Report on Etna (Italy) — 14 March-20 March 2012
Smithsonian / US Geological Survey Weekly Volcanic Activity Report, 14 March-20 March 2012
Managing Editor: Sally Kuhn Sennert
Please cite this report as:
Global Volcanism Program, 2012. Report on Etna (Italy). In: Sennert, S K (ed.), Weekly Volcanic Activity Report, 14 March-20 March 2012. Smithsonian Institution and US Geological Survey.
37.748°N, 14.999°E; summit elev. 3295 m
All times are local (unless otherwise noted)
Sezione di Catania - Osservatorio Etneo reported that the twenty-second paroxysmal eruptive episode since January 2011 took place at New SE Crater (New SEC) of Etna during the morning of 18 March following two weeks of quiescence. Roaring from high-pressure degassing was heard on 16 March. The next day there was incandescence and multiple vapor clouds with minor ash content that rose from New SE Crater. In the early hours of 18 March the incandescence intensified due to Strombolian activity on the crater floor, and volcanic tremor amplitude rapidly increased. Strombolian activity continued to intensify, and just before 0700 lava flowed through the deep breach in the SE crater rim. At about 0825 the ash content in the gas plume rising from the crater became more significant and pulsating lava fountains from a vent on the crater floor rose about 100 m high. Shortly before 0900 two vents were active within the crater and a jet of lava was emitted from another vent within the breach in the SE crater rim.
During 0900-0915 lava fountaining was essentially continuous from all three vents. An intense shower of coarse-grained pyroclastic material falling onto the N and NE flanks of the cone generated avalanches and clouds of rock and dust, which traveled to the base of the cone. A plume rose 4-5 km above Etna and drifted E. Ash and lapilli fell mainly in the area between the villages of Zafferana Etnea and Sant'Alfio, extending toward the Ionian Sea between Riposto and Pozzillo.
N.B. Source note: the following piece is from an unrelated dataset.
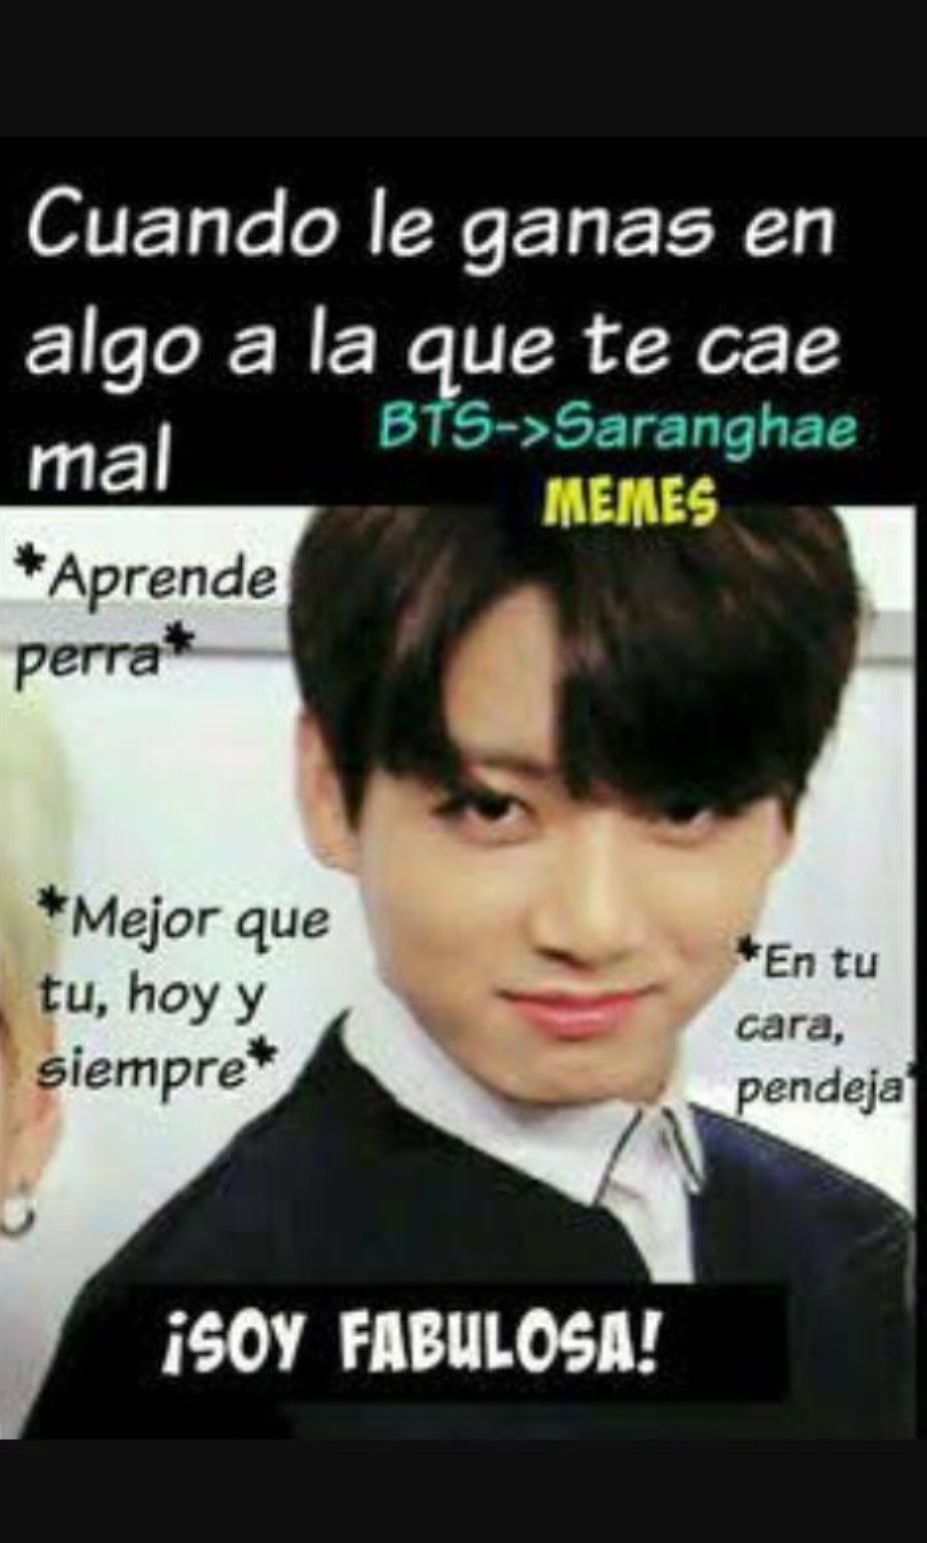 Pin By Steph 94 On Bts Spanish Memes Bts Memes Bts Funny Memes

The main lava flow descended the steep W slope of the Valle del Bove. Several lava lobes, however, took a more northerly path to areas covered with thick snow. The interaction of the lava and snow led to rapid melting of the snow, generating small lahars, and strong explosions that produced ground-hugging vapor-and-ash clouds resembling pyroclastic flows, which repeatedly descended on the floor of the Valle del Bove. The vapor-and-ash clouds rose 1-1.5 km above the floor of the Valle del Bove. This phenomenon continued intermittently for some time after the cessation of the lava fountaining and ash emission, until about 1130.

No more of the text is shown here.